The basics that support general health, eating a balanced diet, maintaining a healthy weight, getting enough sleep, and limiting alcohol, also create better conditions for conception.

When Conception Needs Medical Help

Not everyone conceives through sex alone. About 1 in 8 couples experience difficulty getting pregnant, and several medical options exist depending on the cause.

Intrauterine insemination (IUI) is a less invasive option where sperm is placed directly into the uterus around the time of ovulation. This is often recommended for unexplained infertility, mild sperm-related issues, irregular ovulation, or when using donor sperm. It shortens the distance sperm need to travel and increases the number that reach the fallopian tubes.

In vitro fertilization (IVF) is a more involved process where eggs are retrieved from the ovaries, fertilized with sperm in a lab, and then an embryo is transferred into the uterus. IVF is typically recommended for blocked fallopian tubes, severe sperm issues, endometriosis, low egg reserve, or when other treatments like IUI haven’t worked. It’s more expensive and physically demanding, but it has higher success rates per cycle for many of these conditions.

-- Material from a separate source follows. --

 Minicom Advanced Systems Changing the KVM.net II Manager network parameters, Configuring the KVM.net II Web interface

Other people become pregnant through donor eggs, donor sperm, or surrogacy. These paths involve the same biological steps of fertilization and implantation but use assisted reproduction to get there.

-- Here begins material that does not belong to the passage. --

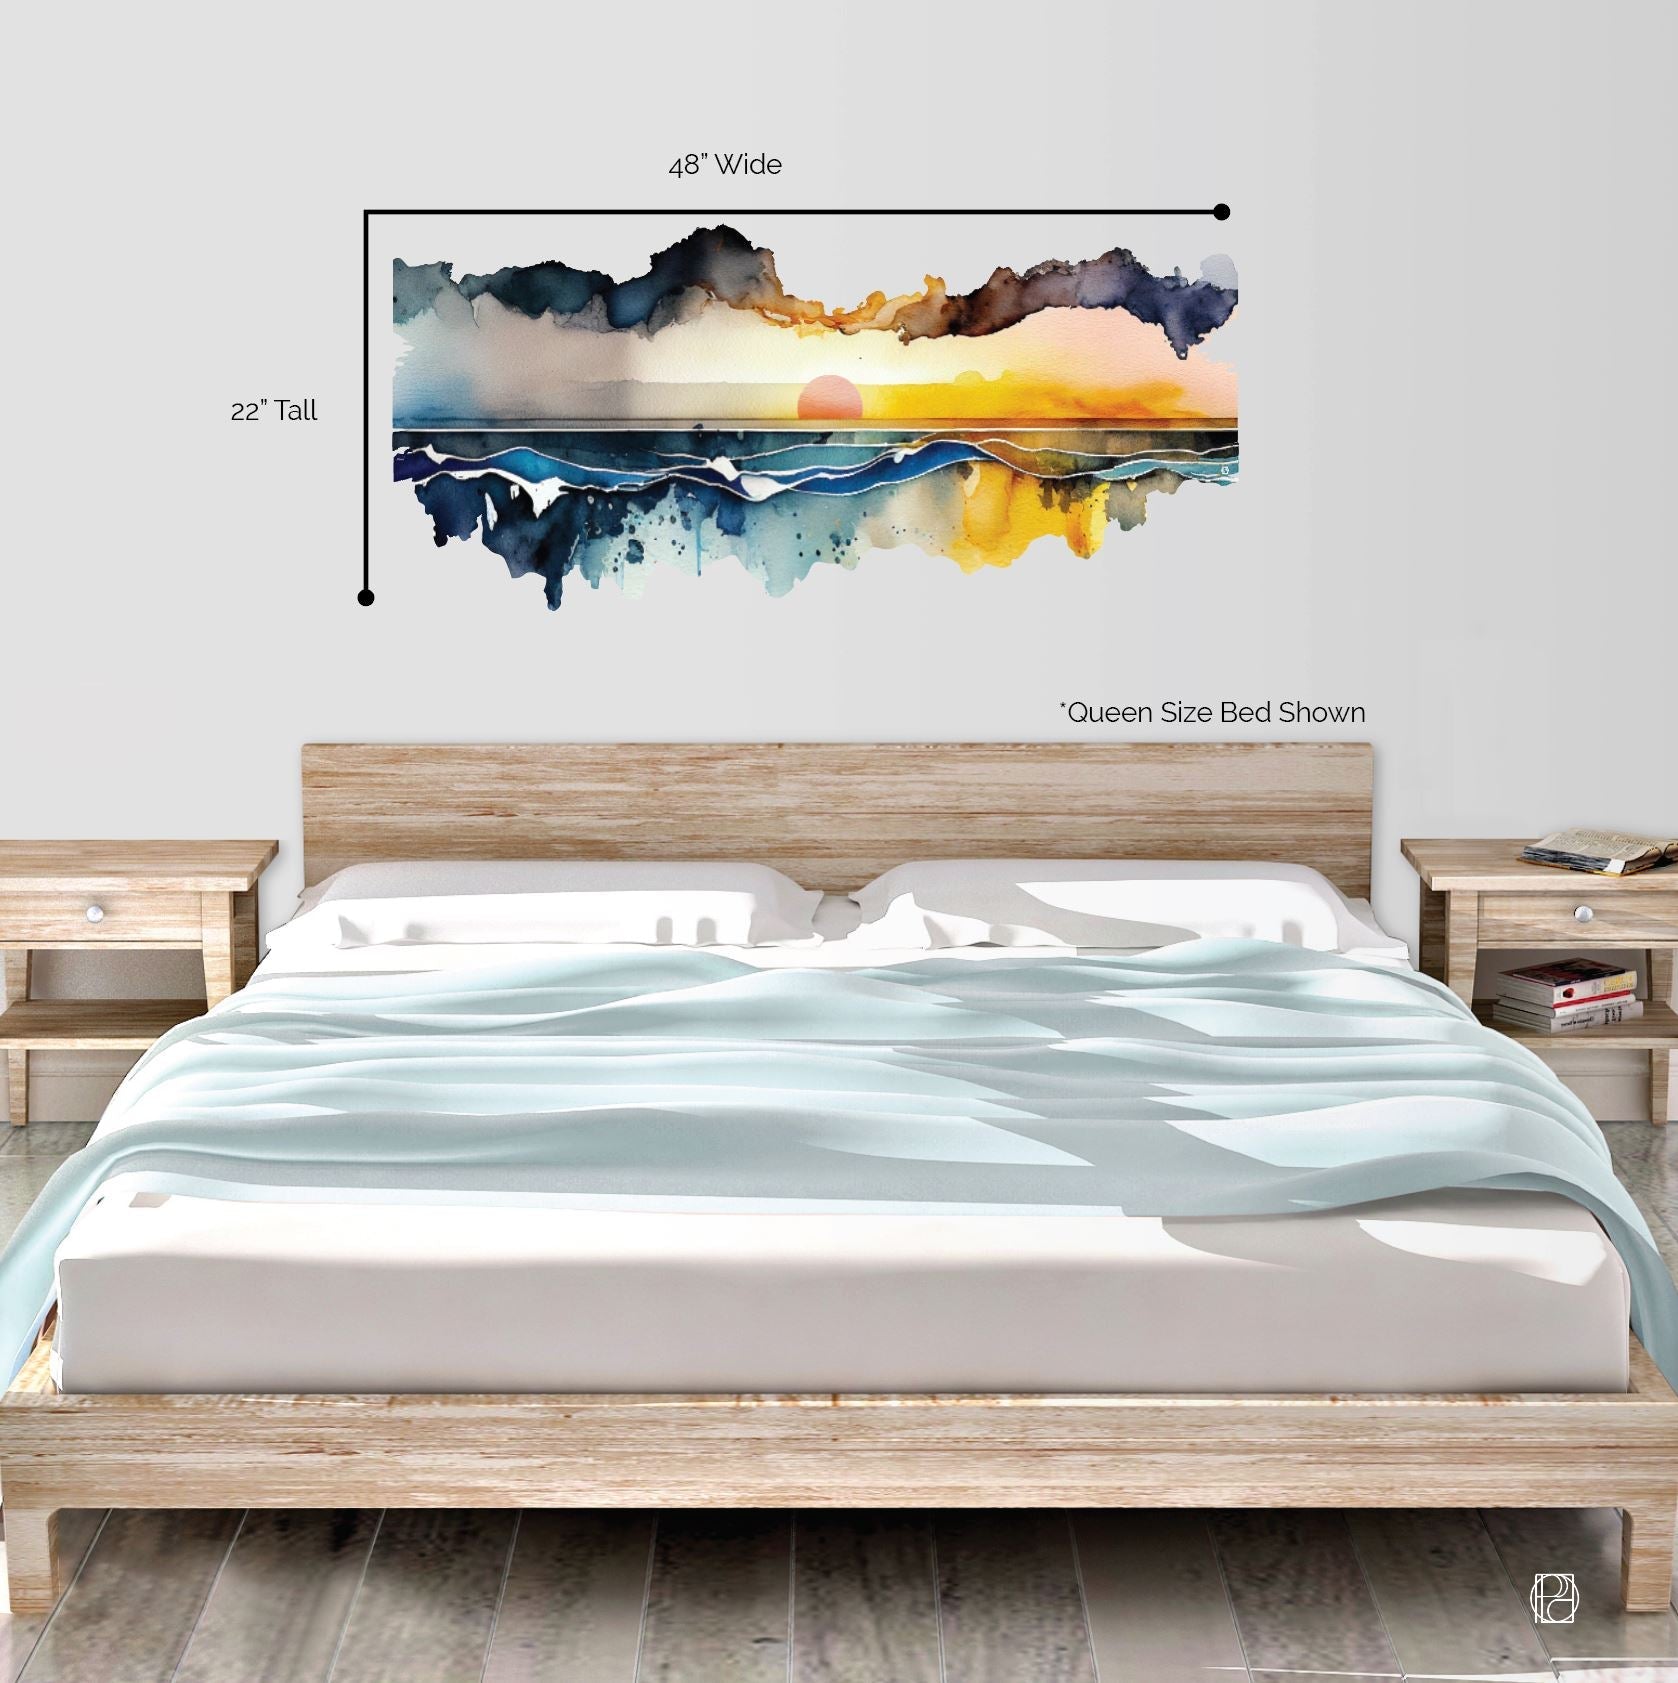 Ocean Sunset Wall Decal | Watercolor Surf Wall Art Sticker - Picture Perfect Decals

What Trying to Conceive Looks Like in Practice

For most people, the practical approach is straightforward: have sex every one to two days during the fertile window, which means the five days before ovulation and the day of ovulation itself. You don’t need to time it perfectly to a single day. Having sex every other day throughout that window gives sperm a consistent presence in the reproductive tract.

There’s no evidence that specific positions increase the likelihood of conception, and you don’t need to remain lying down afterward. Lubricants can sometimes interfere with sperm motility, so if you use one, look for options labeled “fertility-friendly.”

Most couples under 35 who have regular unprotected sex will conceive within a year. If you’re over 35 and haven’t conceived after six months, or under 35 and haven’t after a year, that’s generally the point where fertility evaluation becomes worthwhile for both partners. Male factors account for roughly a third of fertility difficulties, so testing isn’t just for the person with the uterus.